Example-2 A sample was prepared in the same manner as in Example 1, and this sample was divided into eight equal parts. Each sample was exposed under the same conditions with green monochromatic light.

The exposure was carried out through a test pattern separated by the same spacing as the lines themselves and commonly used for quantitative evaluation of the amount of material to be used in electronic mask formability. These samples were subjected to the same inversion treatment as in Example 1. However, the composition of the cleaning bath was as shown in Table 3.

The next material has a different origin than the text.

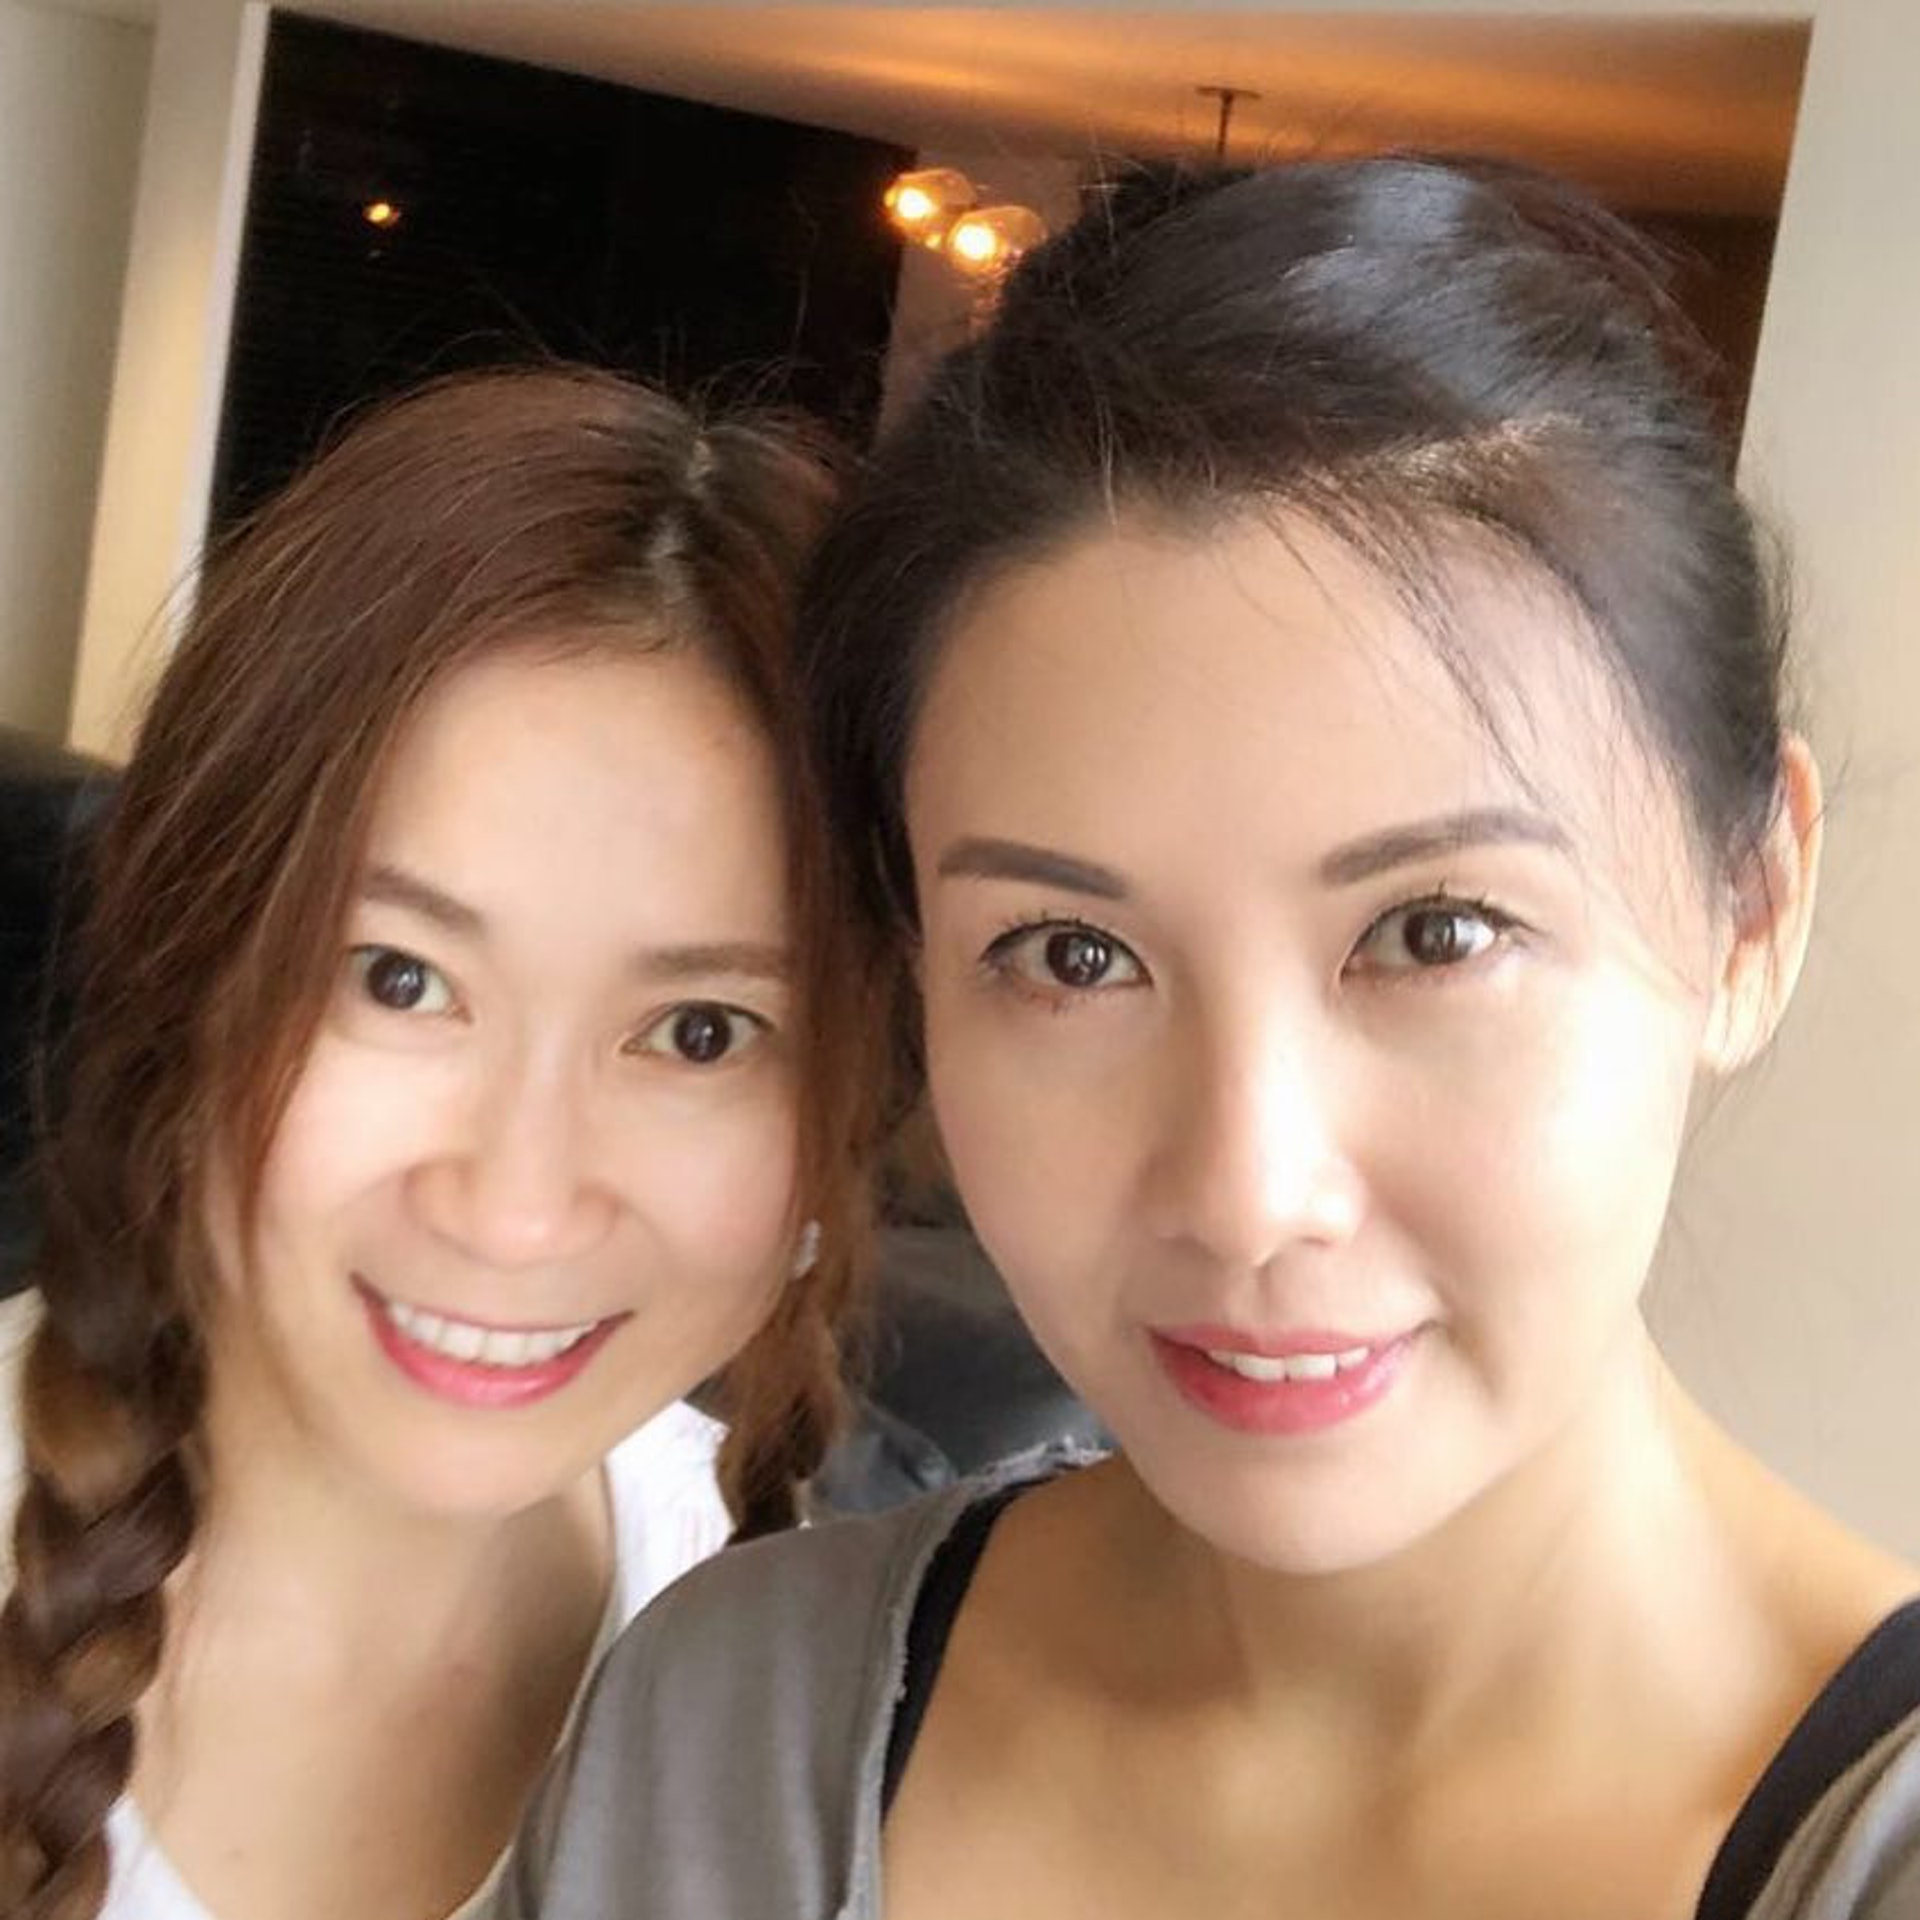 Người tình màn ảnh của Châu Tinh Trì 54 tuổi vẫn trẻ đẹp như ngoài 30 nhờ 8 loại thực phẩm - Ảnh 1.

Table 3) and (11) of the samples treated with the cleaning bath of the present invention have low m1gI concentration after treatment, poor sharpness, and iw
The edges of * are rounded. At the same time, the reproducibility of the line width became poorer and became thinner. However, sample e) according to the invention
, (10), (12) to (15) #i ISUREMO The above-mentioned inconvenient phenomena did not occur, and the image reproducibility was excellent.

Agent Yoshimi Kuwa Hara

Claims (1)

[Claims] In the Lippmann-type reversal processing method for silver oxide photographic light-sensitive materials, sulfite ions following the bleaching bath are added at least 40%.
The solubility product (F
1. A method for processing a Tubmann type silver halide photographic light-sensitive material, which comprises adding at least one organic compound having a lap ) of 1188 or more at 25°C.